“Tenet” inverte la trascendenza, la ripiega in immanenza
Piuttosto che limitarsi a imboccare con il cucchiaino il pubblico con un diversivo che soddisfa rapidamente il palato ma non nutre, Christopher Nolan realizza film che richiedono di più ma anche ricompensano di più. Tenet è il più esigente. In vari punti del film (un rompicapo di spionaggio, un incrocio tra James Bond e Looper) i personaggi dicono cose come "Prova a tenere il passo" e "Ti fa male la testa?". Senza dubbio, Tenet richiede la partecipazione attiva del pubblico e probabilmente di essere visto più volte.
Come i dipinti che figurano in primo piano nella sua trama, Tenet invita gli spettatori a esaminare e godersi il film come in un museo d'arte, sia a livello di tecnica (come hanno ottenuto quella ripresa?) ma anche a livello di significato (qual è la filosofia di Nolan?). Sul primo livello, Tenet è impressionante. Dalle riprese senza l’uso di computer grafica (girate in sette paesi; scene mozzafiato) al montaggio sbalorditivo e, cosa più impressionante, ai trucchi di "inversione temporale" in cui più scene vengono riprodotte anche all'indietro, l'abilità del regista Nolan è messa in mostra magistralmente.
Ma è il secondo livello, il significato, che voglio esplorare. Da un punto di vista teologico, i film di Nolan sono esempi affascinanti di quello che il filosofo Martin Hägglund chiama la “fede secolare”. Sebbene intrisi di atmosfere religiose (ad esempio, la partitura per organo di Hans Zimmer in Interstellar), i film di Nolan sono caratterizzati da quella che chiamo “intrinseca meraviglia”, la “magia” non soprannaturale che sembra di natura religiosa ma è spiegabile all'interno delle leggi della fisica o degli orizzonti dell'attività umana. Con Tenet, un titolo che inquadra il film come un terzo grado sulla fede, Nolan continua questo tema, presentando una sorta di visione palindrome della fede che si ripiega su se stessa.
Stai guardando attentamente?
Nei limiti in cui coinvolge direttamente il tema della “magia” non soprannaturale, il film di Nolan del 2006, The Prestige, è la chiave per comprendere il suo progetto creativo e filosofico. Quel film inizia con una domanda posta al pubblico: "Stai guardando attentamente?" È un invito alla visione attiva e un'ammissione che ciò che segue non è magia ma illusione: un gioco di prestigio cinematografico. Il personaggio di Hugh Jackman dice altrettanto: “Ciò a cui state per assistere non è magia. È pura scienza”.
Questa è la chiave per comprendere Nolan.
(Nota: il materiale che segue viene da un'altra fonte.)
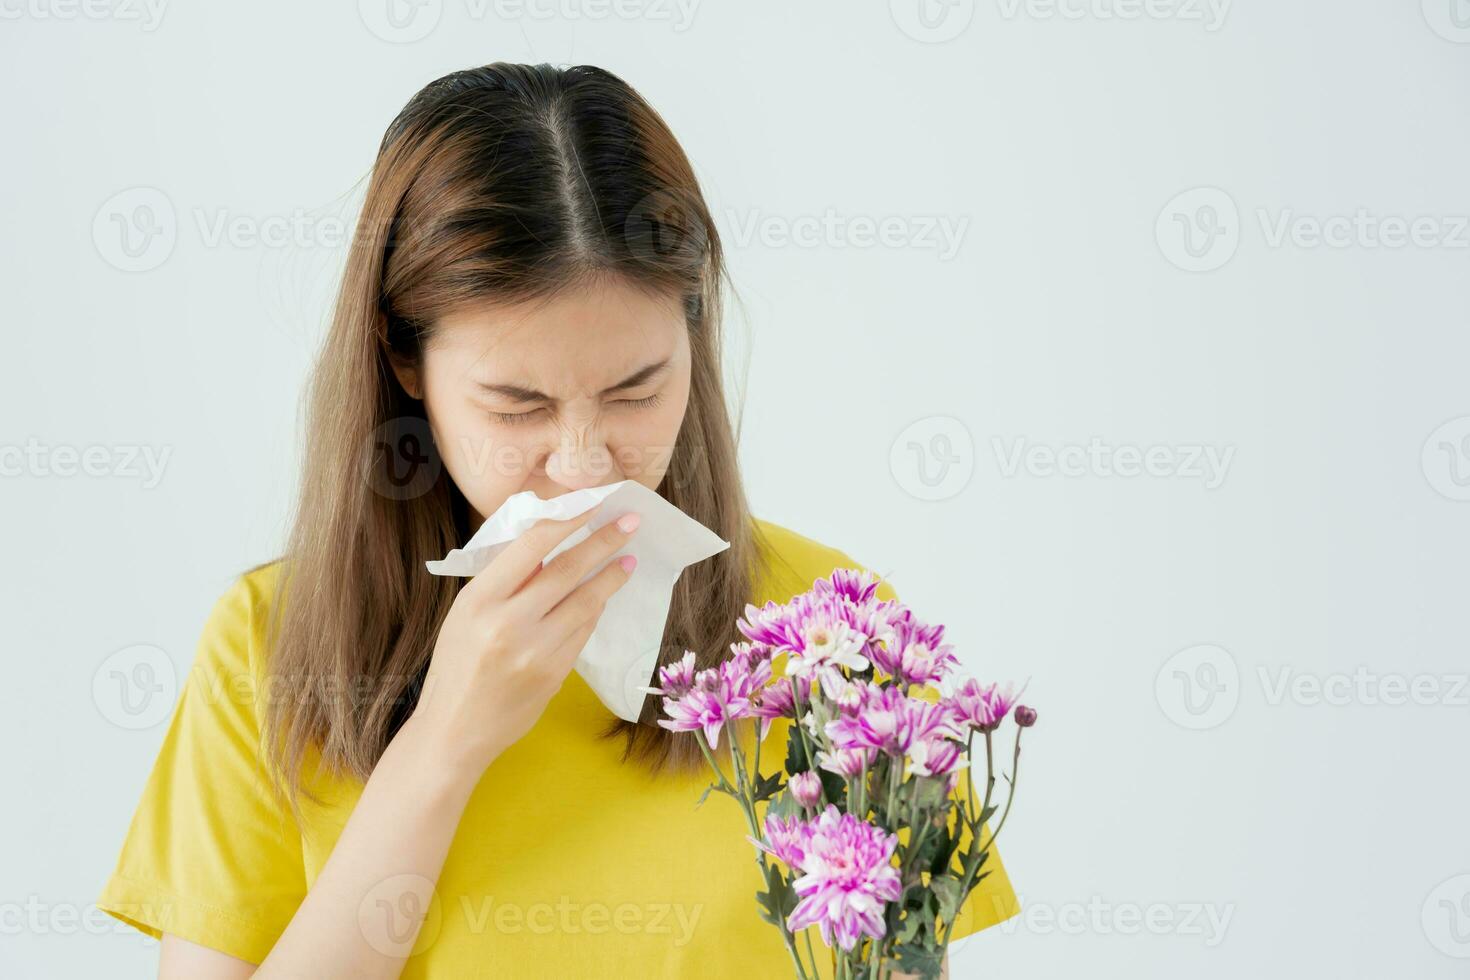 polen alergias, asiático joven mujer estornudos en un pañuelo o soplo en un limpiar, alérgico a salvaje primavera flores o flores durante primavera. alérgico reacción, respiratorio sistema problemas foto

Si appoggia molto al legame storicamente stretto tra film e magia, e si immagina come un autore alla Houdini per un'era secolare. Come ho scritto nel saggio “Permanent Things” su Nolan l'anno scorso, il regista è convinto dell'idea che il pubblico possa ancora essere sorpreso, stupito e trasportato dalla magia che vede sul grande schermo (questo è uno dei motivi per cui Nolan ha insistito per fare uscire Tenet nelle sale cinematografiche, pandemia o no). Eppure la sua versione della "magia" cinematografica è completamente fondata sul materialismo:
È magia spogliata della trascendenza e del soprannaturale; una magia scientifica del tipo descritto nella terza legge di Arthur C. Clarke ("Qualsiasi tecnologia sufficientemente avanzata è indistinguibile dalla magia"). È magia che esiste per stupirci e divertirci, ma interamente (e orgogliosamente) all'interno di quello che Charles Taylor chiamerebbe "la cornice immanente". Un po 'di magia cinematografica ci trasporta oltre il fotogramma immanente, lasciandoci spiritualmente instabili e curiosi del mondo al di là. Ma la magia di Nolan dirige il nostro sguardo verso le meraviglie che sono qui: il naturale, lo scientifico, l'umano. È una magia che rifiuta il bisogno dell'umanità di qualcosa di soprannaturale, insistendo invece sul fatto che siamo il nostro più grande miracolo e che il "naturale" è abbastanza super di per sé. Tutta la meraviglia di cui abbiamo bisogno è qui, nell'immanenza, nel mondo materiale e osservabile.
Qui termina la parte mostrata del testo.